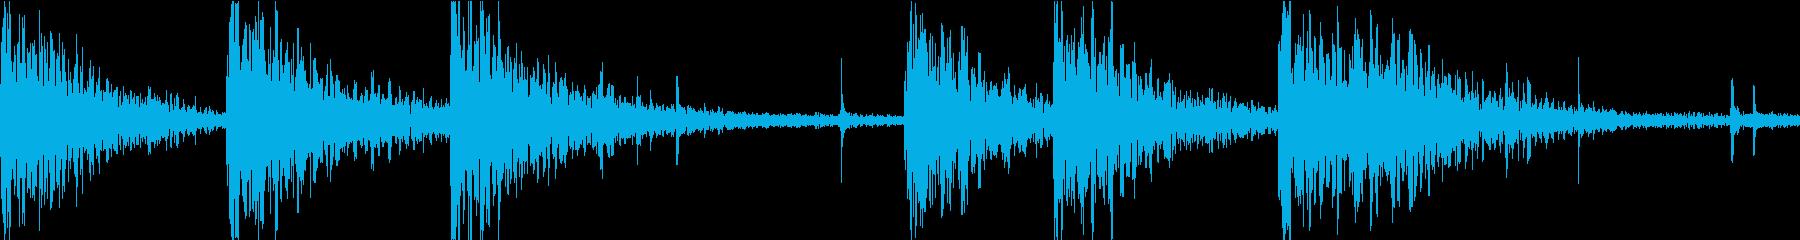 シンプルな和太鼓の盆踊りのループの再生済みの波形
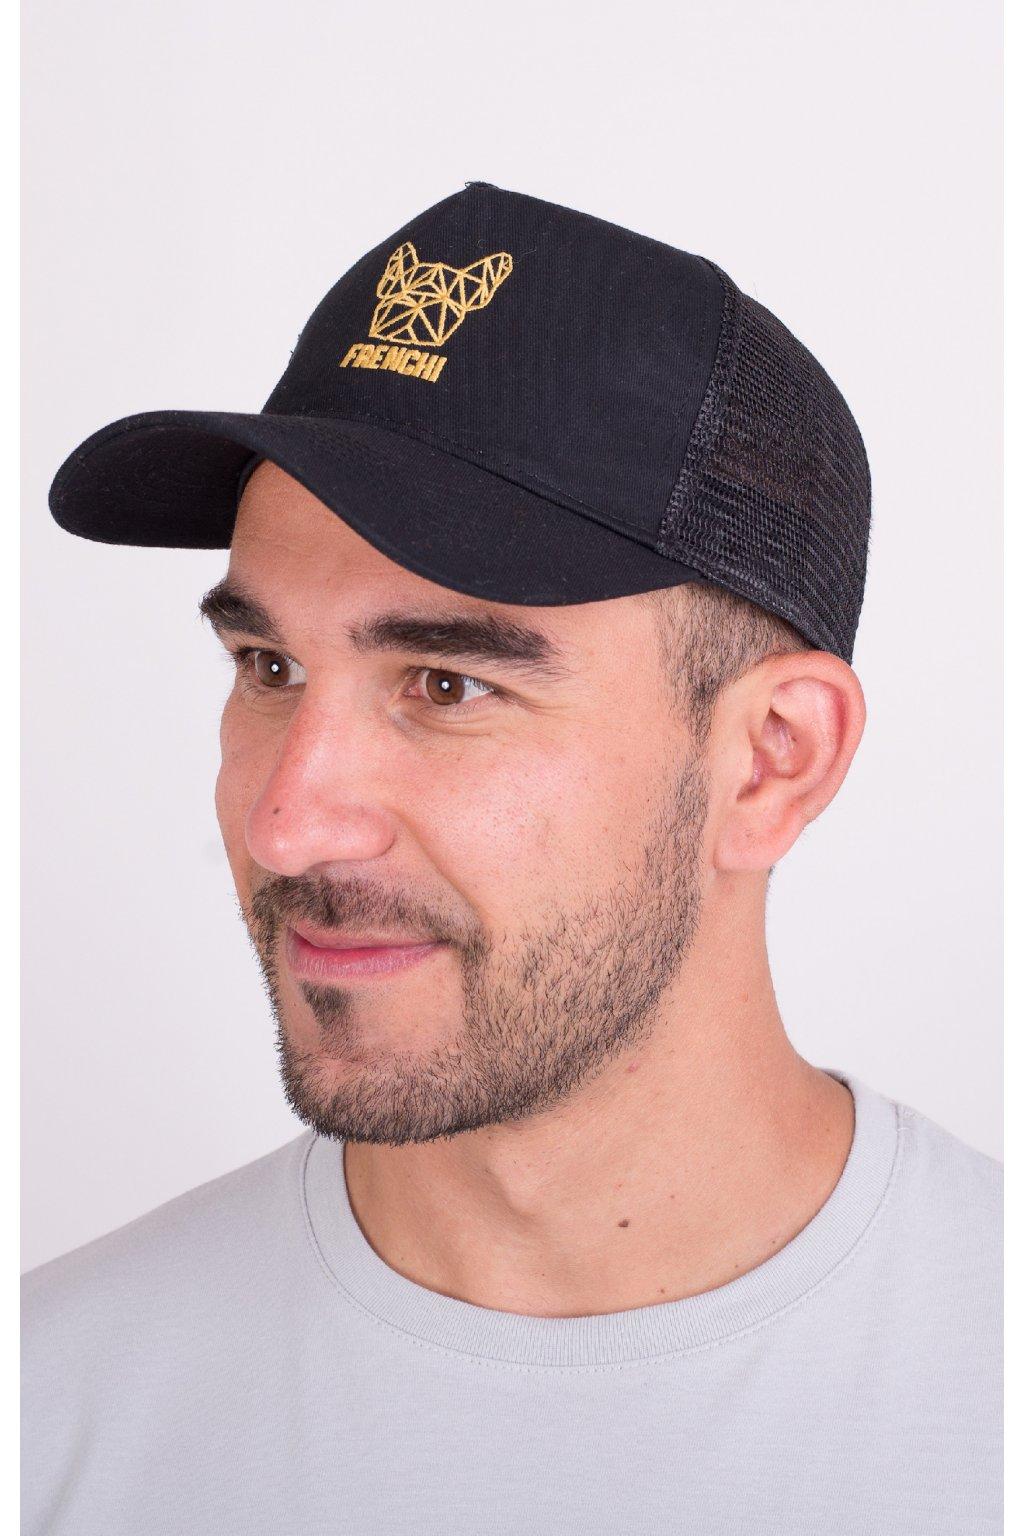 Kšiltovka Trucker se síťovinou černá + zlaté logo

----

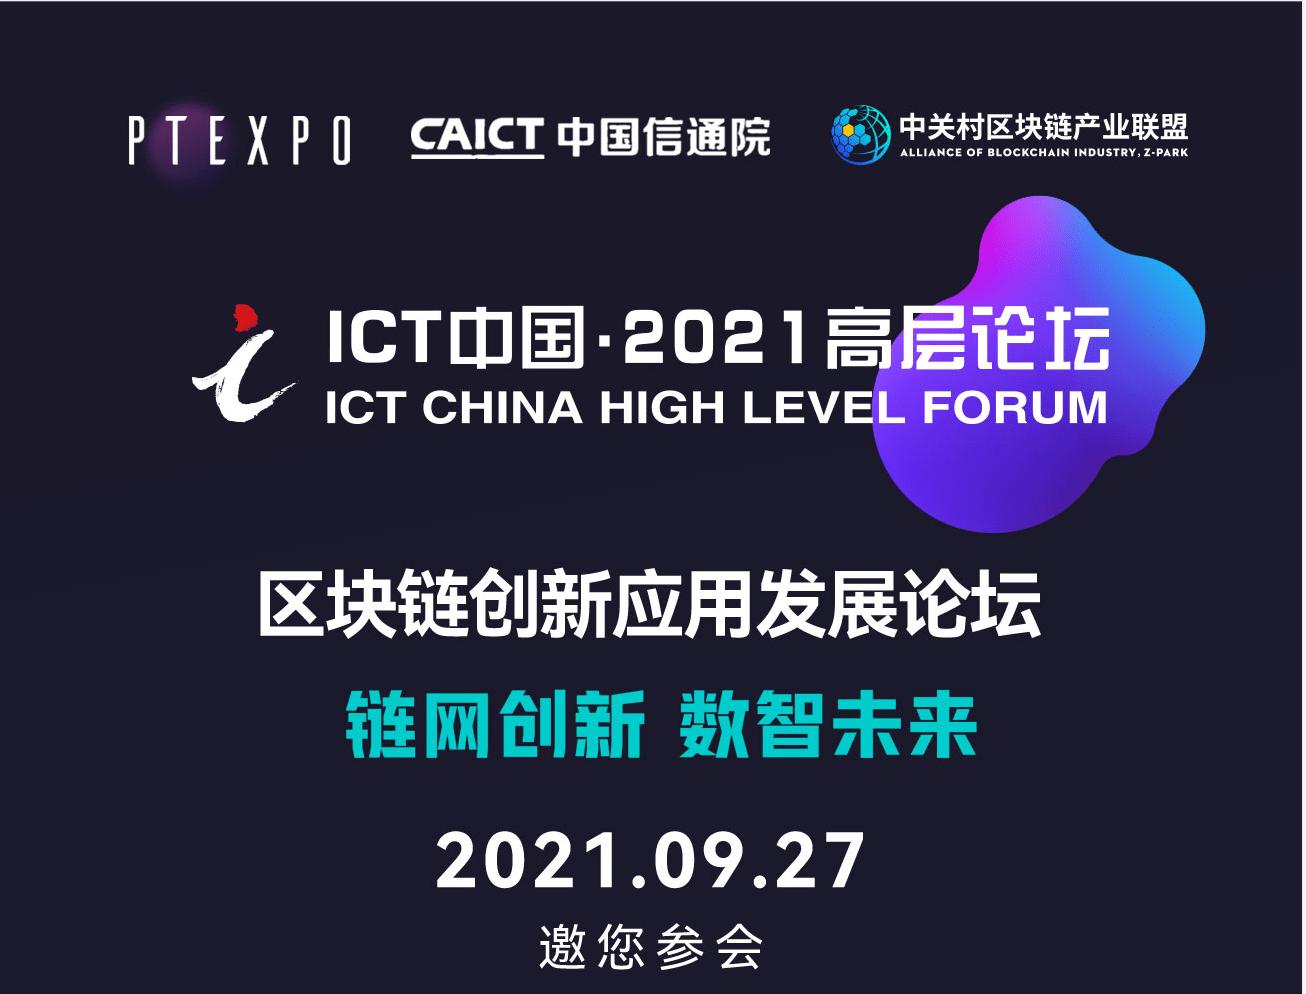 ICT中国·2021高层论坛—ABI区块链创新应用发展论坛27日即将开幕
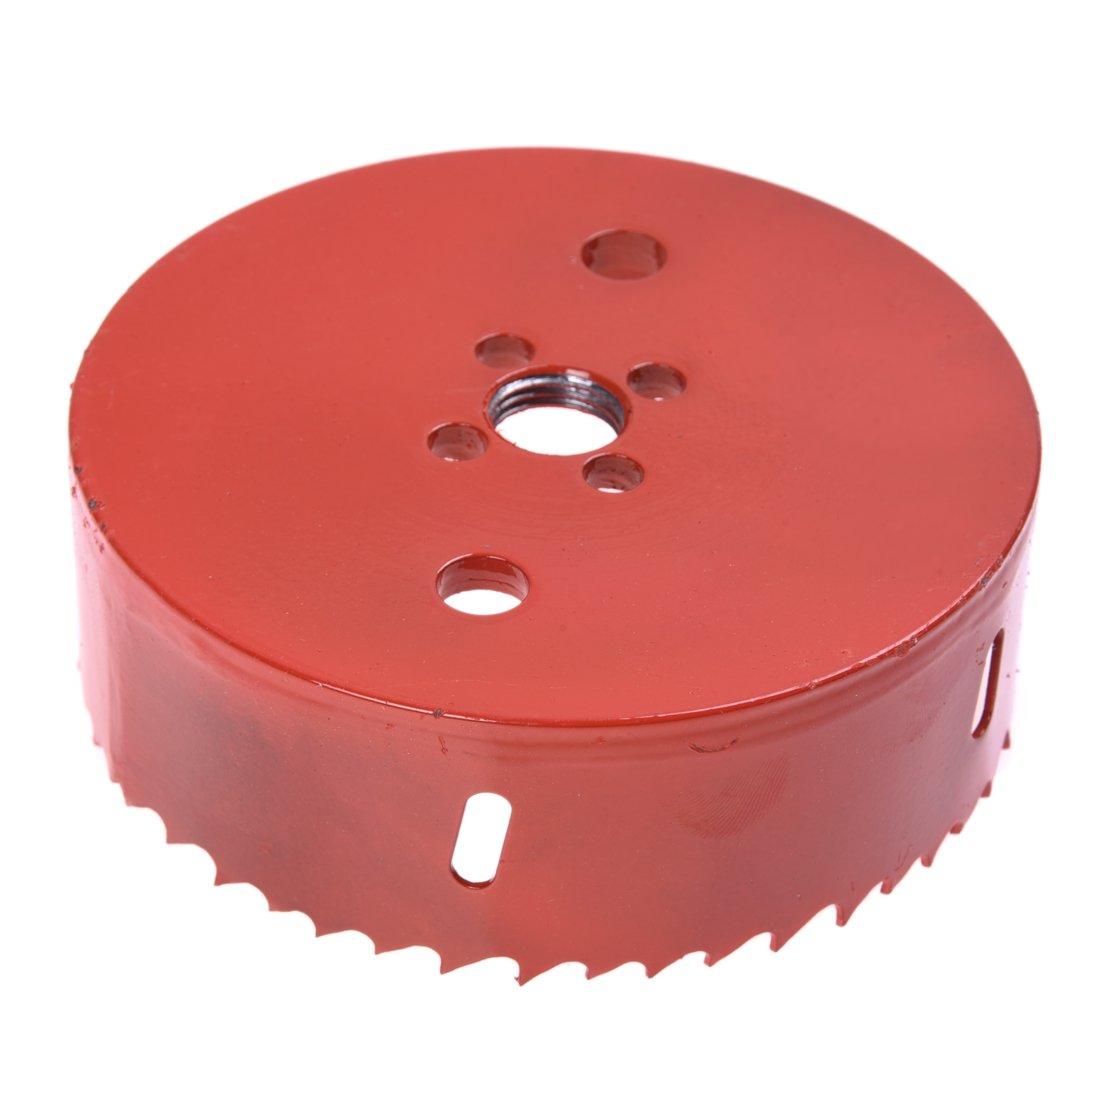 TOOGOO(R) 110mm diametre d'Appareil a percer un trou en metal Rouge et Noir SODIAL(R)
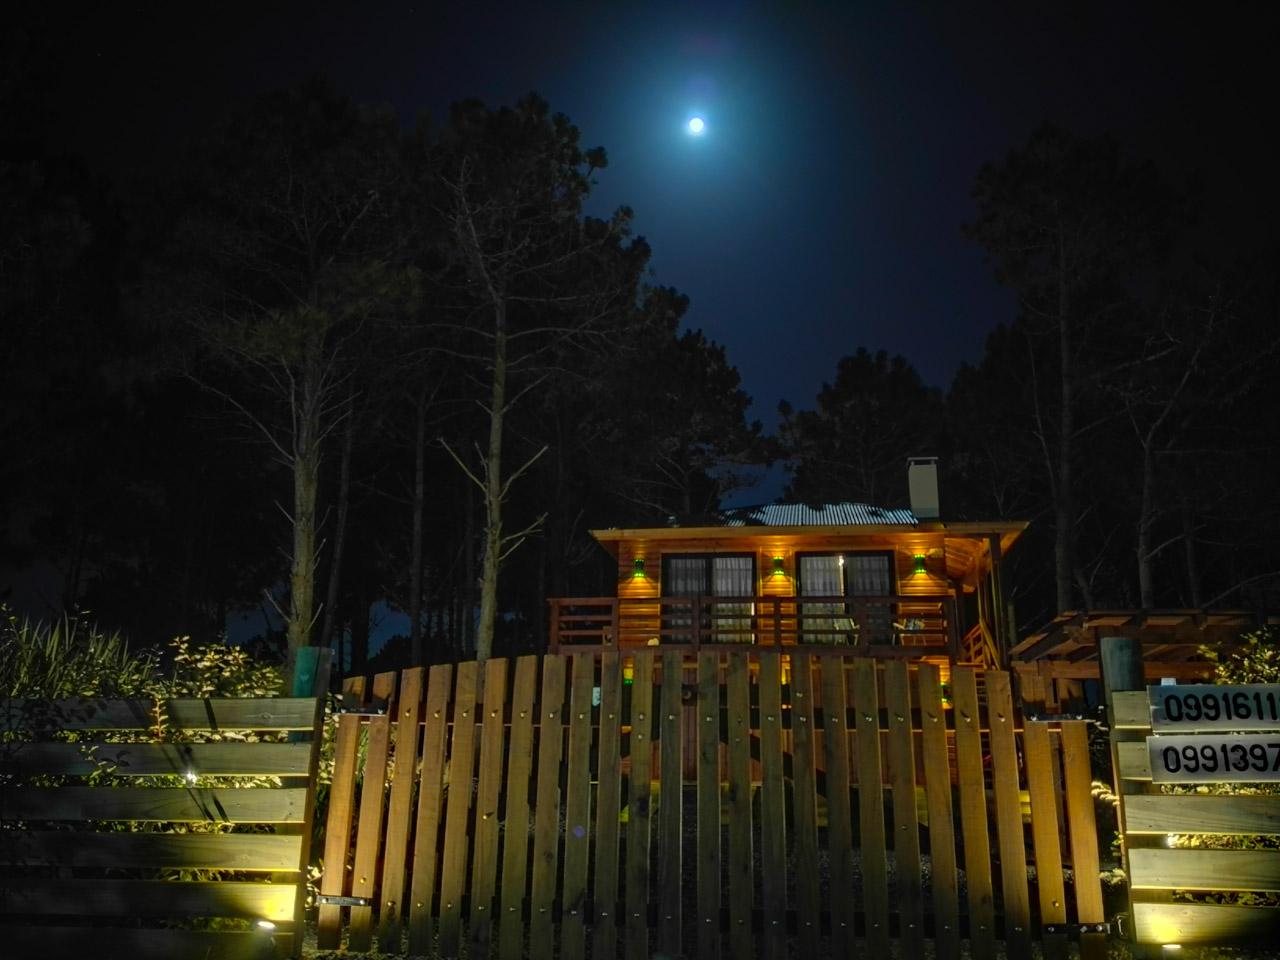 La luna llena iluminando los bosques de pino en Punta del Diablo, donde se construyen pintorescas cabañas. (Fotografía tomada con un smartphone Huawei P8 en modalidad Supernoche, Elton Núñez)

----

What this task involves: Output exactly the lines of the listing above that start with the one holding "ICT中国·2021高层论坛—ABI区块链创新应用发展论坛27日即将开幕" and go on through the one holding "La luna llena"; leave the pictures out.

Answer area:
 ICT中国·2021高层论坛—ABI区块链创新应用发展论坛27日即将开幕
 TOOGOO(R) 110mm diametre d'Appareil a percer un trou en metal Rouge et Noir SODIAL(R)
 La luna llena iluminando los bosques de pino en Punta del Diablo, donde se construyen pintorescas cabañas. (Fotografía tomada con un smartphone Huawei P8 en modalidad Supernoche, Elton Núñez)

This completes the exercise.